I think the algorithm may be logarithmic with the number of items, but somewhat linear with the actual qualifiers of the items involved.  The features nested in the large product were all using 3.2 style suffixes so there was not the same kind of nesting of suffixes that the SDK had.
Comment 16 Andrew Niefer CLA 2007-04-26 17:21:07 EDT
Created attachment 65116 [details]
updated
Comment 17 Andrew Niefer CLA 2007-04-30 17:38:02 EDT
Comment on attachment 65116 [details]
updated

We decided not to release the patch attached here.  It would actually make the case of removing plugins from a feature (bug 162022) worse.
Instead I fixed an encoding problem that lead to repeating 'z's in the version number.  This also fixed a particular case that made it possible for the suffix to drop.  I also fixed the problem with unresolved plugins not being accounted for.

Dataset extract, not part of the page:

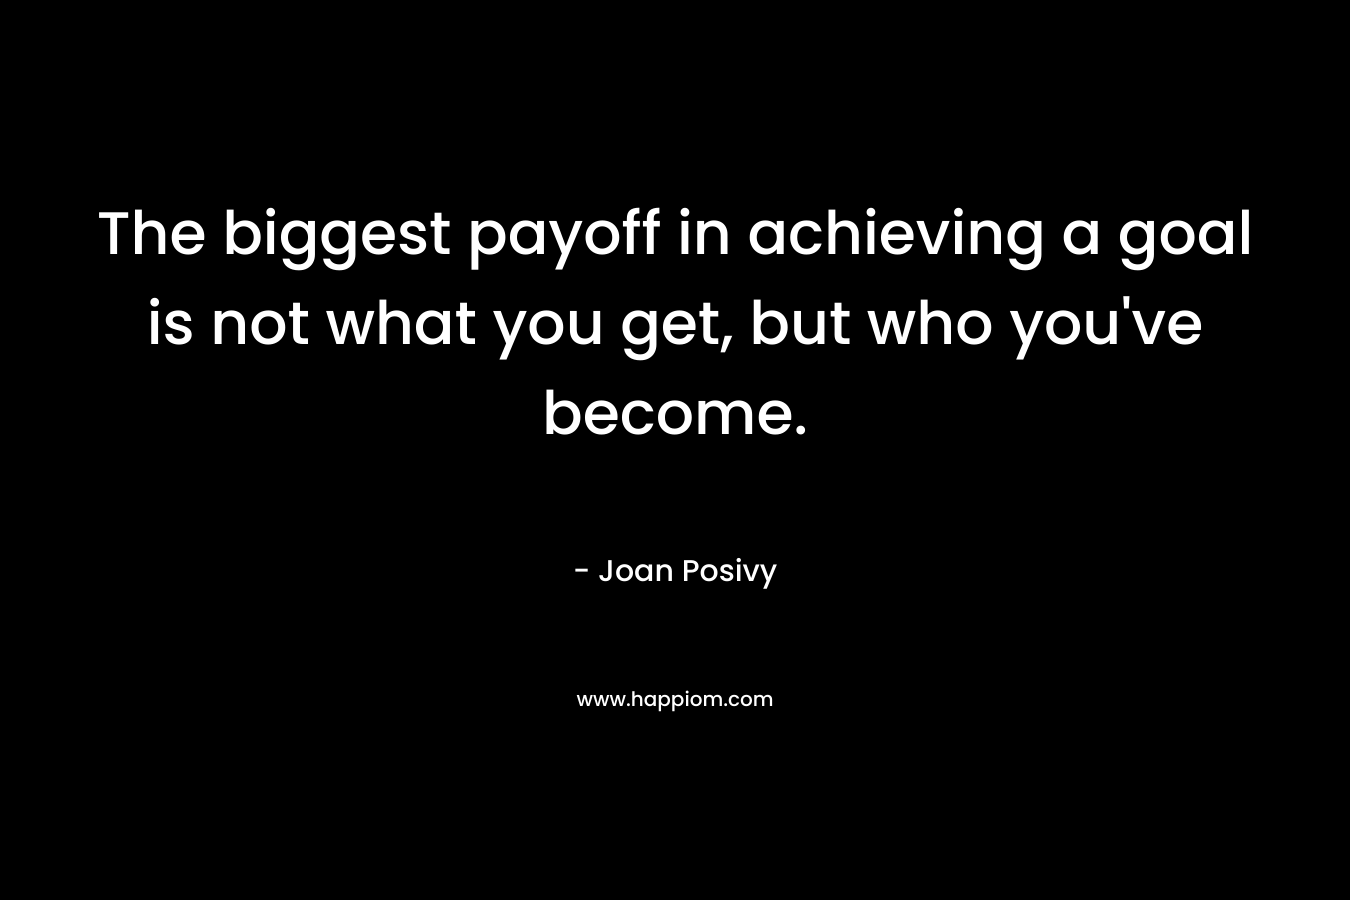 The biggest payoff in achieving a goal is not what you get, but who you've become.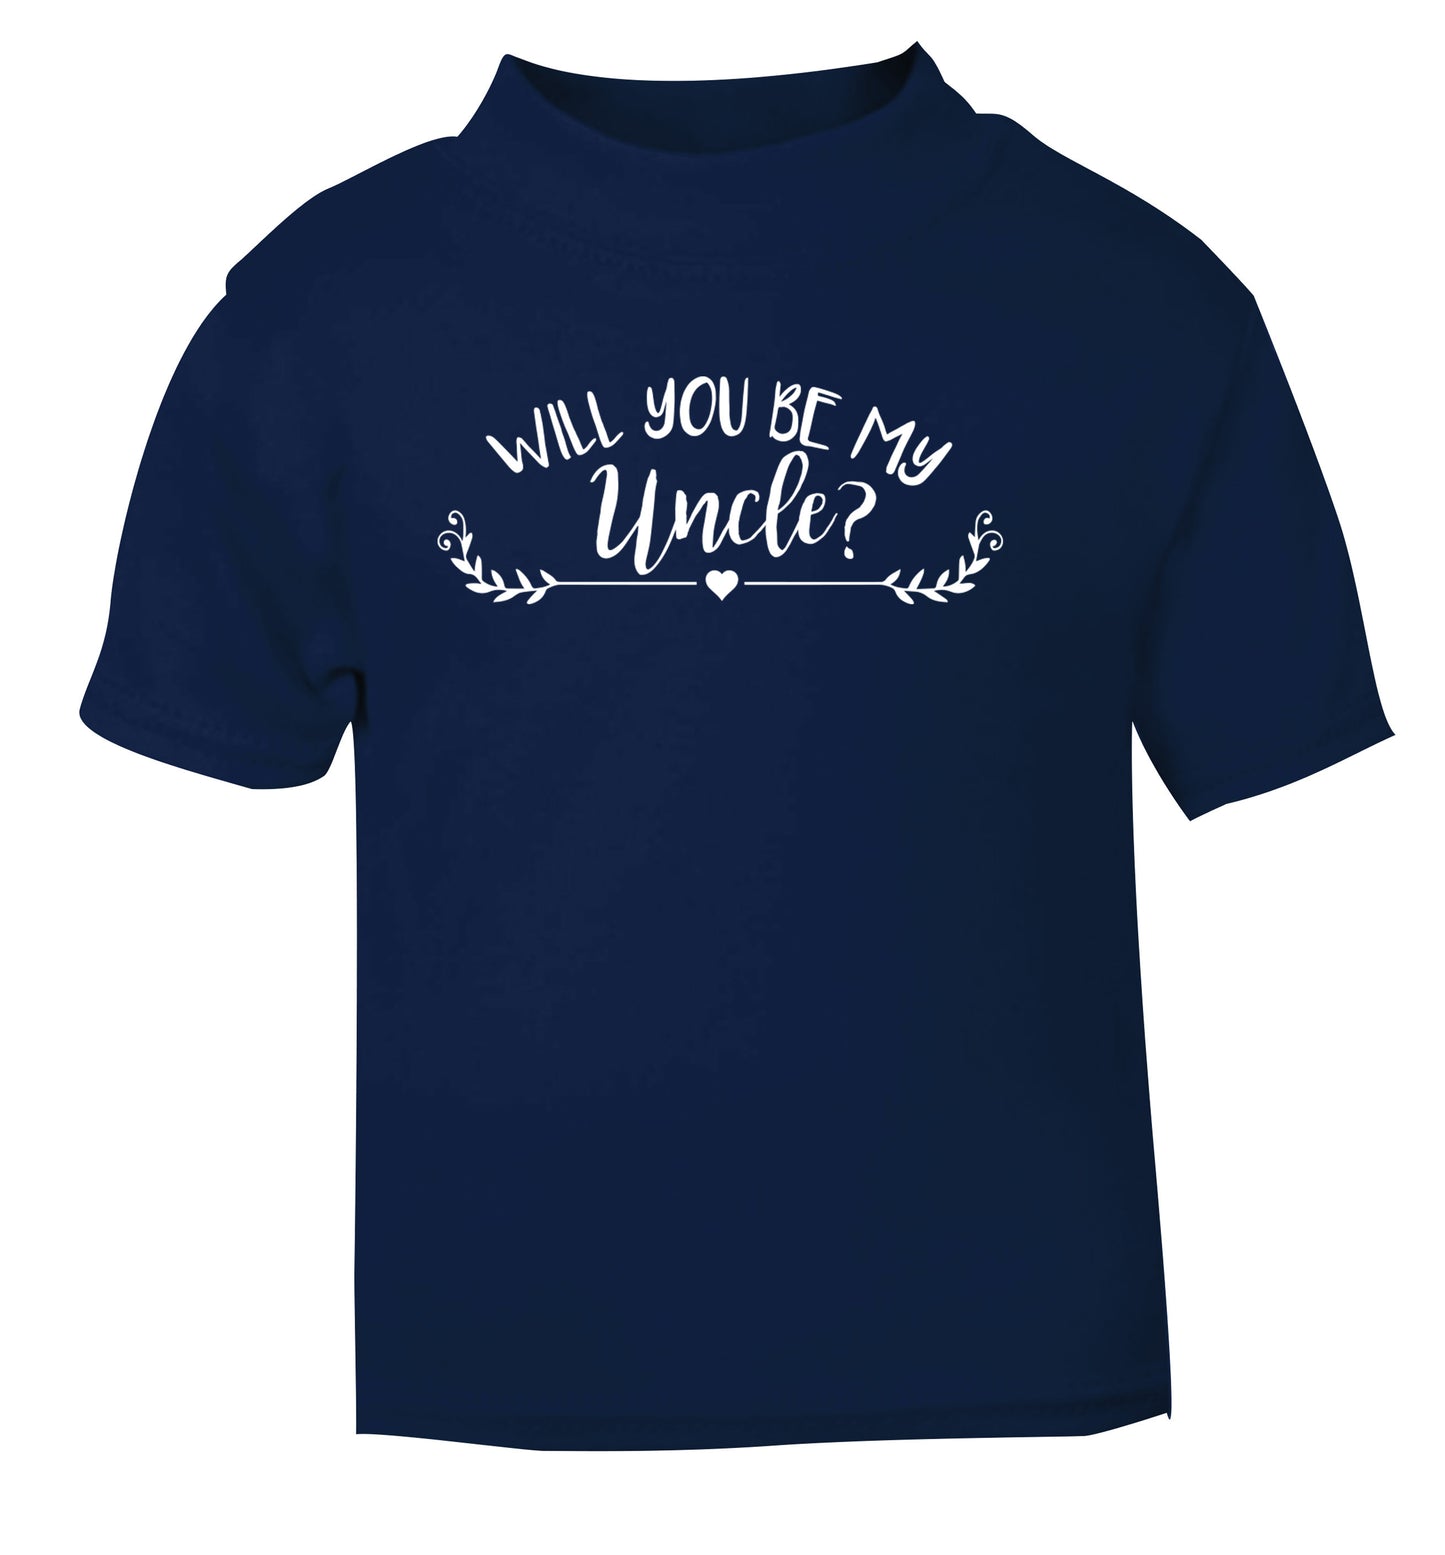 Will you be my uncle? navy Baby Toddler Tshirt 2 Years

We fixed bug 176947 so that it is easier to set the significantVersionDigits and generatedVersionLength.
Comment 18 Andrew Niefer CLA 2007-05-01 08:53:58 EDT
Not doing anything more for 3.3
Comment 19 Pascal Rapicault CLA 2009-12-21 12:18:39 EST
*** Bug 298116 has been marked as a duplicate of this bug. ***
Comment 20 Lars Vogel CLA 2018-12-03 09:11:06 EST
Currently we are not actively enhancing PDE build anymore. Therefore, I close this bug as WONTFIX. 

Please reopen, if you plan to provide a fix.
Comment 21 Lars Vogel CLA 2018-12-03 09:12:57 EST
Currently we are not actively enhancing PDE build anymore. Therefore, I close this bug as WONTFIX. 

Please reopen, if you plan to provide a fix.